Multimodality Imaging of Pericardial Diseases.

Current treatment options in cardiovascular medicine

Mouaz H Al-Mallah, Fatimah Almasoudi, Mohamed Ebid, Amjad M Ahmed, Abdelrahman Jamiel

Affiliations

  1. King Abdulaziz Cardiac Center, King Abdulaziz Medical City, Ministry of National Guard - Health Affairs, Riyadh, Saudi Arabia. [email protected].
  2. King Saud bin Abdulaziz University for Health Sciences, Riyadh, Saudi Arabia. [email protected].
  3. King Abdullah International Medical Research Center, Riyadh, Saudi Arabia. [email protected].
  4. Division Head, Cardiac Imaging, King Abdulaziz Cardiac Center, King Abdulaziz Medical City for National Guard, King Saud bin Abdulaziz University for Health Sciences, Departmental Code: 1413, P.O. Box 22490, Riyadh, 11426, Saudi Arabia. [email protected].
  5. King Abdulaziz Cardiac Center, King Abdulaziz Medical City, Ministry of National Guard - Health Affairs, Riyadh, Saudi Arabia.
  6. King Saud bin Abdulaziz University for Health Sciences, Riyadh, Saudi Arabia.

PMID: 29027095 DOI: 10.1007/s11936-017-0590-y

Abstract

OPINION STATEMENT: Pericardial diseases have changed their epidemiology in the past few years. With the aging population and decreasing incidence of communicable diseases, the causes of pericardial diseases have significantly changed from infectious and malignant to postradiation and cardiac surgery causes.
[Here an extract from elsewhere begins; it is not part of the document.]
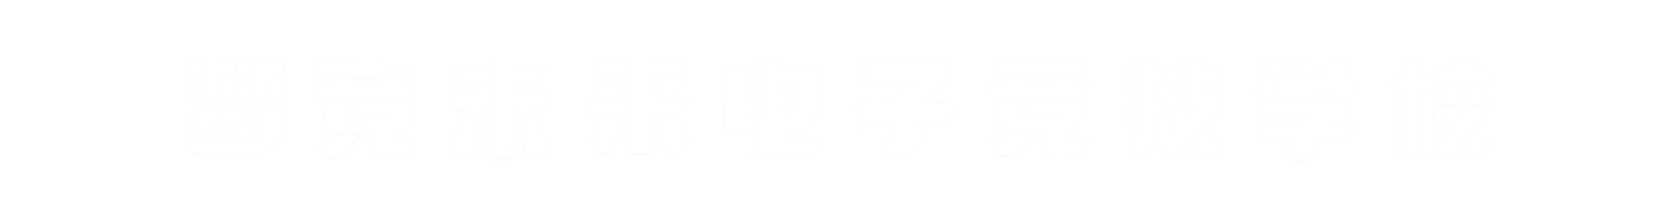 梦竞未来南昌banner字
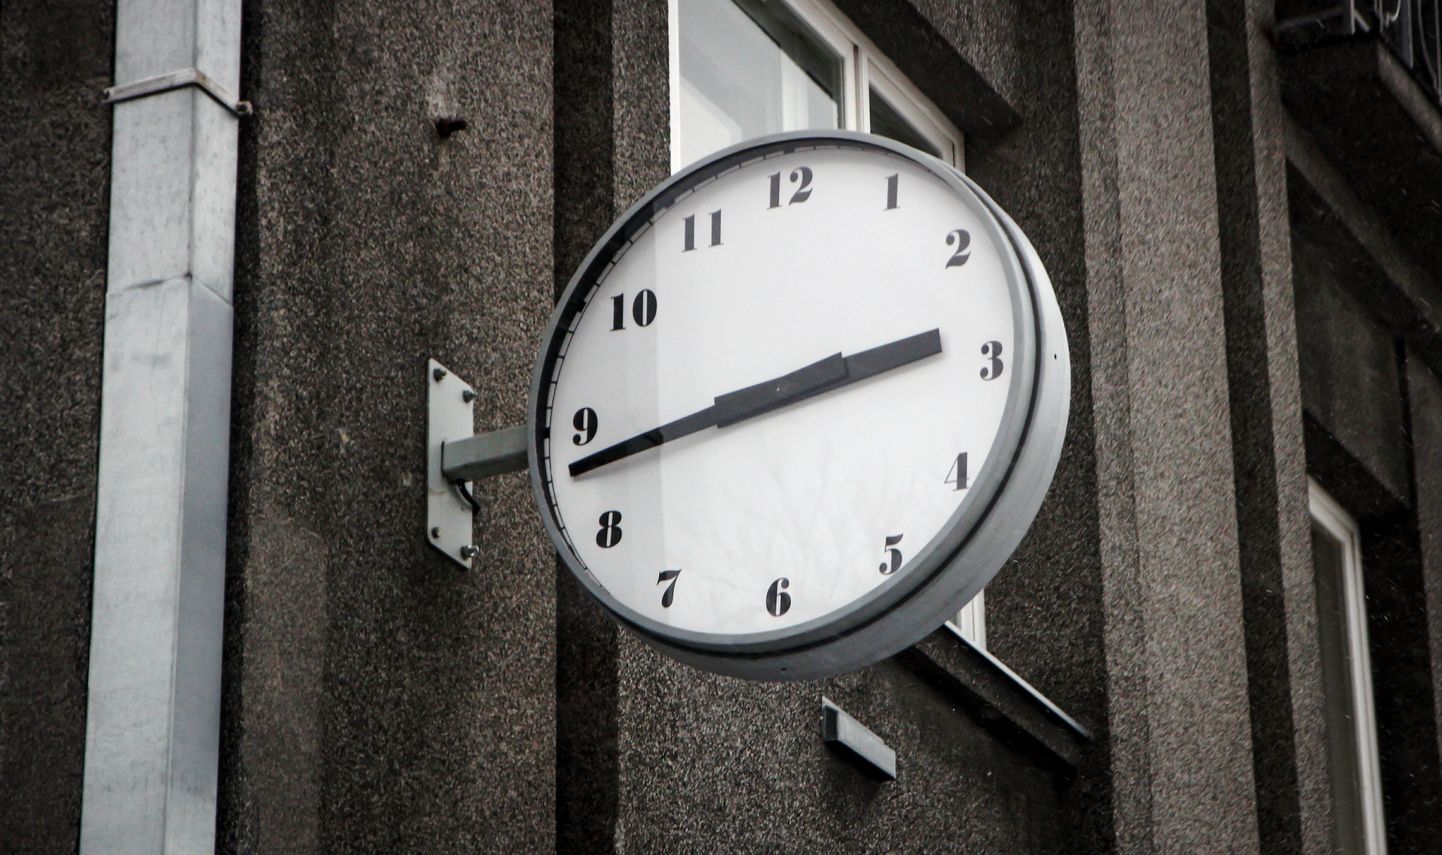 Pärnu linnavalitsuse hoone külge kruvitud uus kell sai seal tiksuda vaid kaks nädalat.

Despite that, pericardial diseases remain difficult to diagnose. The accurate and timely diagnosis of these diseases is essential to avoid the late sequela of pericardial constriction and pericardial cirrhosis. Echocardiography remains the first test of choice for the assessment of patients with suspected pericardial diseases. Most patients with acute pericarditis have a self-limiting course and do not need further imaging. However, in the era of multimodality imaging, other modalities, namely, computed tomography (CT) and magnetic resonance imaging (CMR), are often utilized in complex cases. These two modalities provide a wide-open view of the pericardium and adjacent structures. They have high resolution to assess pericardial calcification, a hallmark of many diseases especially tuberculous constrictive pericarditis. CMR is also unique in its ability to assess pericardial late gadolinium enhancement (LGE) and edema. These have been recently suggested to be very important in the progression from acute pericarditis to constrictive pericarditis. In addition, they provide prognostic value to assess which patients are at high risk of developing heart failure and resource utilization. Thus, in the current era, patients with suspected complex pericardial diseases will need a multimodality approach rather than a single modality approach.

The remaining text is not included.